Trust and The Politics of AI
Regardless of facts of AI and how it plays out, many perspectives on AI progress and risks are based on priors. Those who think “Capitalists are evil, but Government will protect us,” tend to favor AI regulations. Those who contrarily think, “Government is evil, but freedom will save us,” tend to favor open AI freedom and oppose regulations.
The AI regulatory debate ends up similar to other regulation debates: A question of freedom and trust in free markets versus safety and trust in Government. It boils down to the question: Who do you trust?

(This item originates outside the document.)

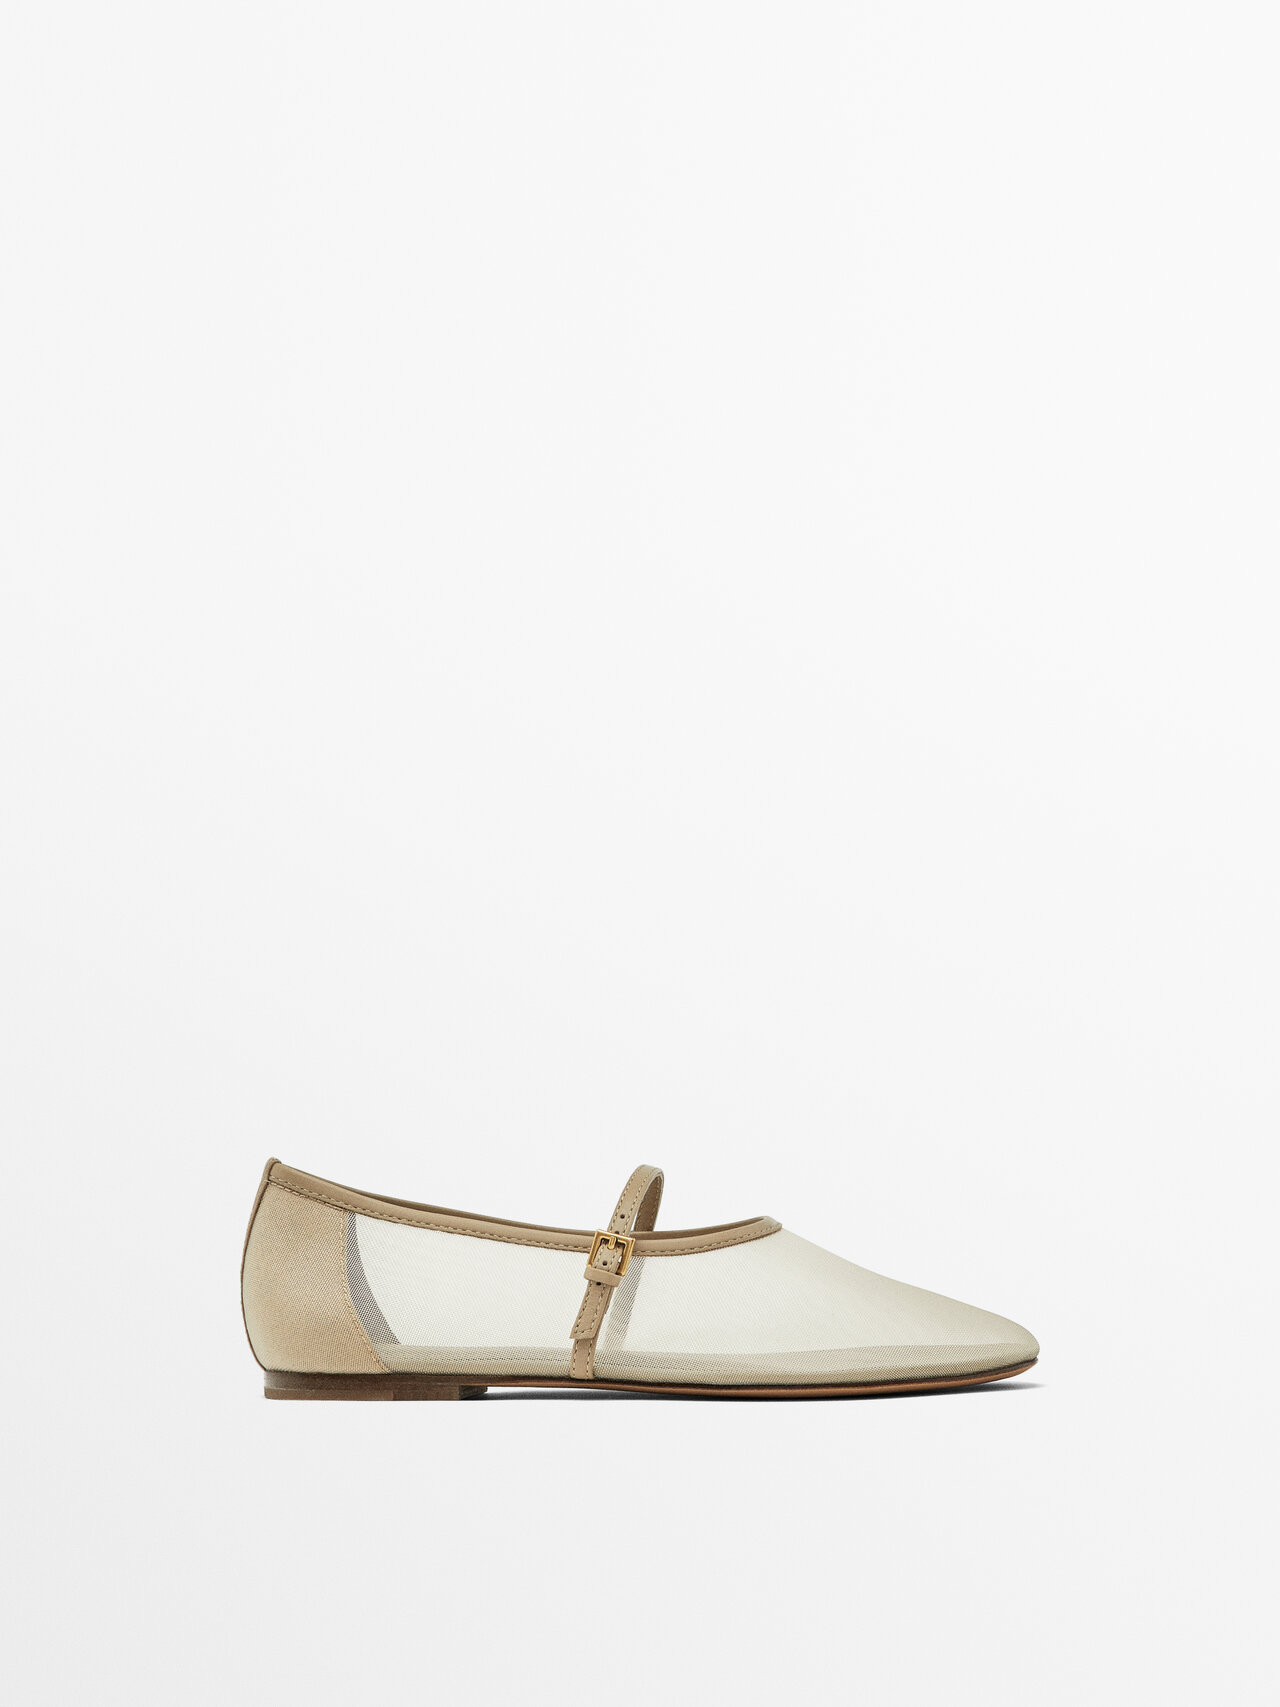 Massimo Dutti Mesh Ballet Flats With Strap Across The Instep In Cream

If you don’t trust anyone in power making AI decisions, then you have absorbed the wisdom that “power corrupts.” As Anton puts it on X:
AI risk is less likely to be a paperclip scenario. The real risk arises when there are only a single or handful of entities capable of utilizing and leveraging generally capable AI. Consolidated AI power is the real near term risk.
We take our chances with open AI models not because they are safe, but because ‘consolidated AI power’ is a greater risk. But why take chances at all? How else can we de-risk AI?
That takes us back to Anthropic’s promotion of third-party AI testing. I may be something of an AI optimist willing to take risks (sometimes to my detriment), but I want my AI tested because I want to know what it can and cannot do. I want to trust that my AI works as I expect.
We want an AI that we can trust.
AI needs to be trusted, and to be trusted, AI needs to be tested, independently. Let’s continue to test AI, try it out, and fix flaws. The Anthropic framework is a good starting point, but other companies, Government and academia can go much further.
Let’s also embrace the virtue of humility: Let’s not presume to know all the answers, but let’s keep asking the questions.
AI’s future is bright, but nothing is certain. When it comes to AI, test everything. Let the data, not priors, lead us to conclusions. Trust only what we have verified. Don’t get burned.